The E8 promoter has a highly specific expression pattern in tomato fruits. It is mainly activated at specific stages of tomato fruit development, driving the preferential expression of downstream genes in fruit tissues. E8 promoter activity is significantly higher in fruit compared to other tissues such as roots, stems, and leaves. It can be used to achieve the precise regulation of specific genes in fruits. By linking the target gene to the E8 promoter, the target gene can be expressed only in the tomato fruit and unwanted effects in other tissues can be avoided. Please see BBa_K5160002 for more information.

Brazzein

Brazzein is derived from the pulp of Pentadiplandra brazzeana Baillon (P. brazzeana), which grows in the African rainforest. Each fruit has a red shell-like exocarp, beneath which three to five kidney-shaped seeds are surrounded by a thick layer of soft red flesh, which contains Brazzein. Brazzein is the smallest sweet protein with a peptide chain consisting of 54 amino acids and a molecular weight of only 6.5Kda.

Brazzein induced sweet taste perception by binding to T1R2 and T1R3 sweet taste receptors on the human tongue. At the same time, the flavor characteristics of Brazzein are similar to those of sucrose, and the sweetness of brazzein is 500-2000 times that of sucrose. In addition, Brazzein is a protein with excellent thermal stability and acid resistance. It was able to maintain its protein identity during 2 hours incubation at 98°C, 4.5 hours incubation at 80°C, and 4 hours incubation at 80°C in the 2.5-8pH range. See BBa_K5160004 for details.

HA

HA-tag is a protein tag based on Human influenza hemagglutinin antigen. The chemical essence of HA-tag is a short amino acid sequence derived from amino acids 98-106 of human influenza hemagglutinin, namely YPYDVPDYA. The HA tag is widely used as an epitope tag in expression vectors and is beneficial for protein detection, isolation, and purification because it does not interfere with the biological activity or distribution of the protein. By adding the HA tag to the target protein, specific antibodies against the HA tag can be used to bind to the recombinant protein, so that immunohistochemistry (IHC), Western Blotting and other experiments can be performed conveniently. HA antibodies can also be immobilized on agarose beads for protein purification to improve purification efficiency.
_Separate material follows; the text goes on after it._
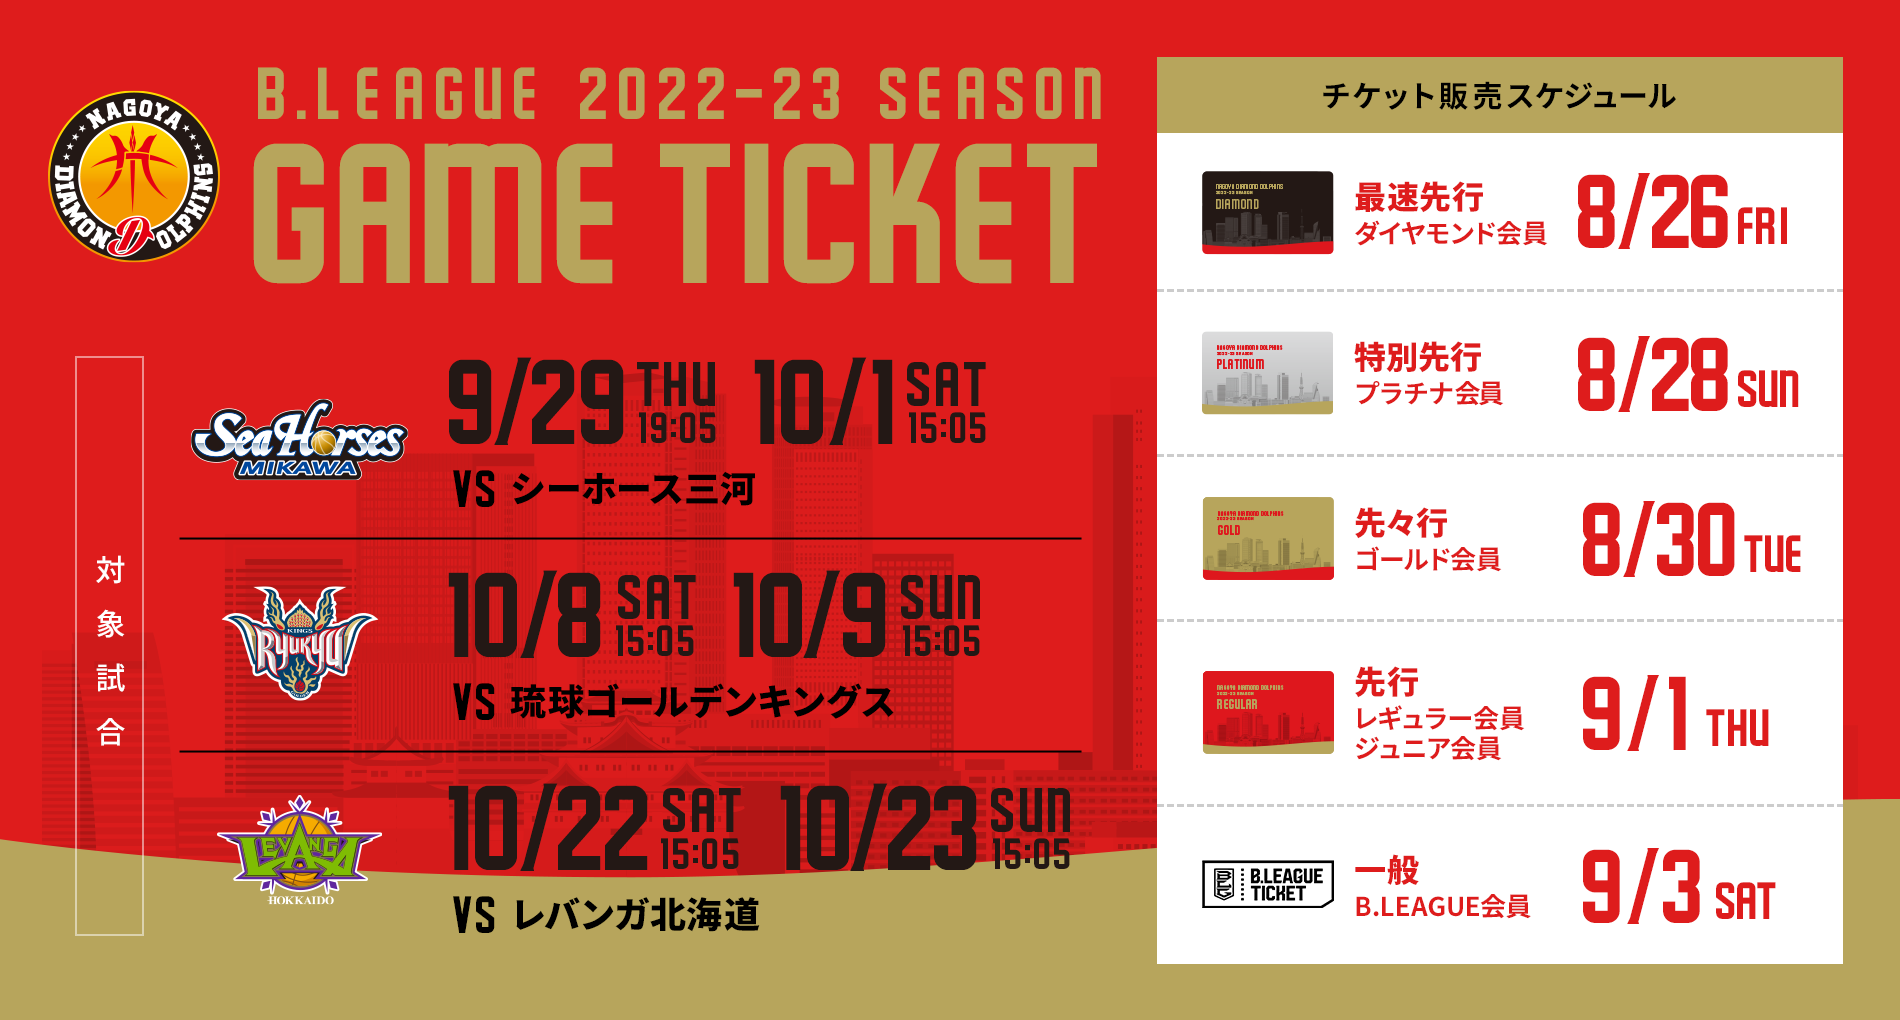 更新】2022-23シーズン 【第1期】チケット販売スケジュールのお知らせ

Many recombinant proteins can express HA tags, which can help to quickly obtain information related to their localization, expression or biological function.See BBa_K5160012 for details.

NOS terminator

A terminator on a plant expression vector that terminates the transcription of a gene.See BBa_P10401 for details.

Structural design

We used tomato fruit ripening specific promoter E8 promoter to express the Brazzein gene. The pCAMBIA1301_Brazzein plasmid (Fig 3.) was constructed using the binary vector pCAMBIA1301 and transformed into Agrobacterium Tumefacium GV3101. To verify the successful transformation, we performed pcr using specific primers and demonstrated the successful entry of our expression vector into Agrobacterium tumefaciens GV3101 by agarose gel electrophoresis.

Characterize

Agarose gel electrophoresis

Colonies were amplified by PCR with specific primers, and the resulting products were subjected to agarose gel electrophoresis. From the results (Fig 4.), it can be seen that the band of Brazzein (176bp) appears with a band near 100bp. This can verify that our transformed agrobacterium has carried the target sequence.

DNA assay

We selected positive bacteria to infect the callus, and when the callus grew to a certain extent, it was inoculated in rooting medium to cultivate. After the plant had grown leaves, the leaves were harvested to test whether the brazzein gene was present in the tomato genome. The DNA of brazzein (176bp) was detected(Fig 5.).

Proteins expression

We collected samples of leaves, flowers, and fruits, extracted proteins for Western Blot (WB) detection, and successfully obtained positive results near the 10 kDa band in the lanes for leaves and fruits (Fig. 6). This indicates that Brazzein (9.75 kDa) in the transgenic micro-TOM was successfully expressed, and this expression is specific to mature fruits. This marks the first milestone in our experimental process, demonstrating that transgenic tomatoes capable of stably inheriting and specifically producing sweet proteins in mature fruits have been successfully cultivated.